For two decades, Frank suffered from illnesses, including lung cancer, because of toxic exposure in Vietnam. Now, Claudia is left seeking survivor benefits, which VA has also stayed.
"He said 'You fought for me, and now you fight for you,'" Claudia said Tuesday. "Here I am, 78 years old, worried about how I will pay my bills ... How sad that the VA would let a veteran die with this burden looming over them. How shameful that they let my husband die, not knowing what would happen to his family ... This is wrong. I lost my husband, how much more will I lose?"

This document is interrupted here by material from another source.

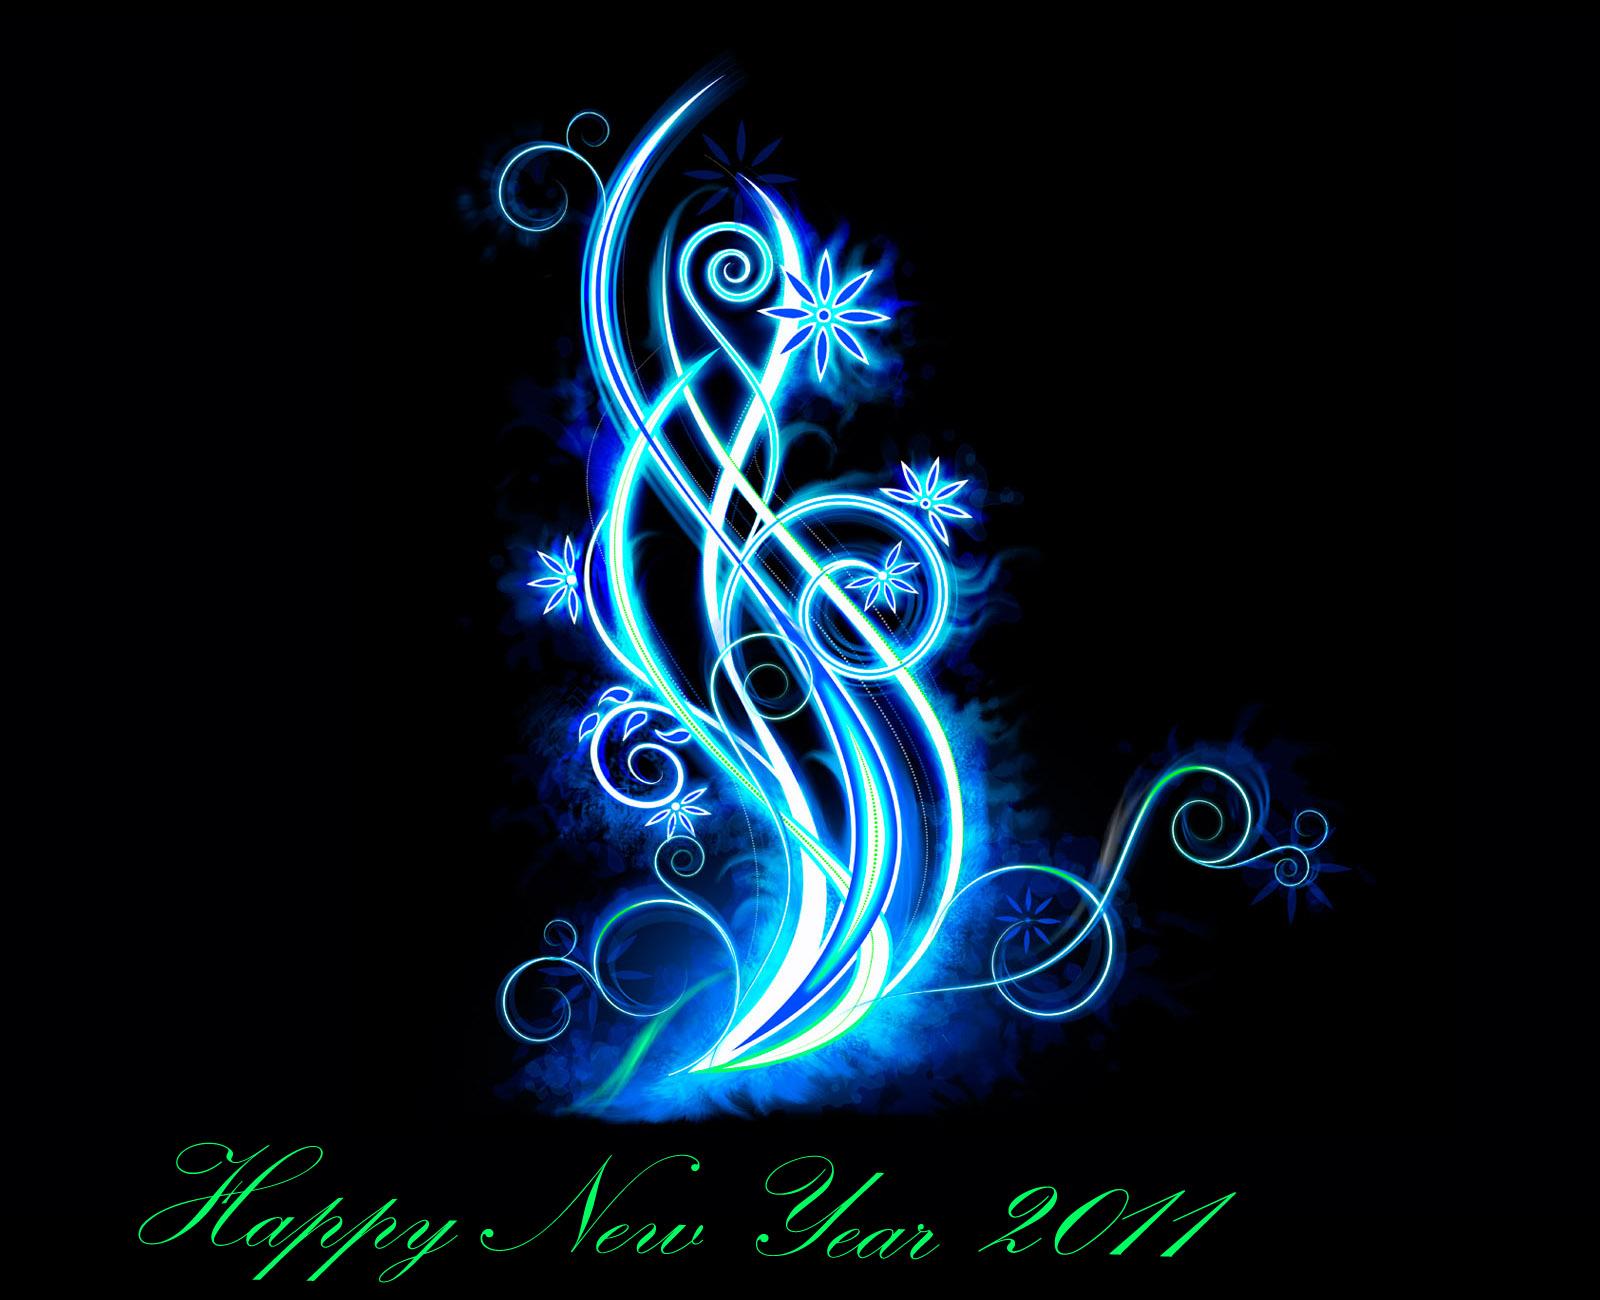 http://4.bp.blogspot.com/-Fq4yYz7yC_I/TjOVj-EPftI/AAAAAAAAJPw/N_kXcHKWKBU/s1600/new-year-quote-free-770005.jpg

Claudia told Connecting Vets she thinks Frank would be "beaming" if he knew she was speaking up for him, and veterans like him.
"I know he'd be very proud," she said, tears in her eyes. "I know he's looking down on me."
House Veterans Affairs Committee Chairman Rep. Mark Takano, D-Calif., said repeated attempts to get information from VA on the stay have come up largely empty, and invitations to roundtable meetings have been refused.
"Is it really necessary to stay all of these claims, or can we help some of these veterans today?" Takano asked, adding that it is "cruel and unusual" for VA to make Blue Water Veterans wait.
Takano said Congress anticipates VA may need "hundreds of new employees" to do the work of processing Blue Water claims. "We asked VA what they need, but we're still waiting for an answer. In the meantime, Vietnam-era veterans are still sick and facing delays for their needed benefits and care."
"These veterans bravely served this country in Vietnam but they're still awaiting recognition for their service and for the benefits they've earned and they and their families are entitled to," Sen. Jon Tester, D-Mont., said at the "End the Wait" press conference outside the Capitol, Tuesday. "Now we have to make sure the VA keeps up its end of the bargain by actually issuing the benefits that are due these veterans."
"We're all here today because we're concerned," Tester said of the members of Congress, veterans service organizations and media gathered in front of the Senate steps. "But I don't know that I feel that same level of concern from the VA."
VA has also "dragged their feet" on adding other illnesses to the list of presumptive health care concerns for Vietnam veterans that qualify for benefits.
"We've already seen the toll taken on Blue Water Navy veterans forced to wait decades," Tester said. "Veterans suffering from these service-related illnesses shouldn't have to wait another day. Time is of the essence."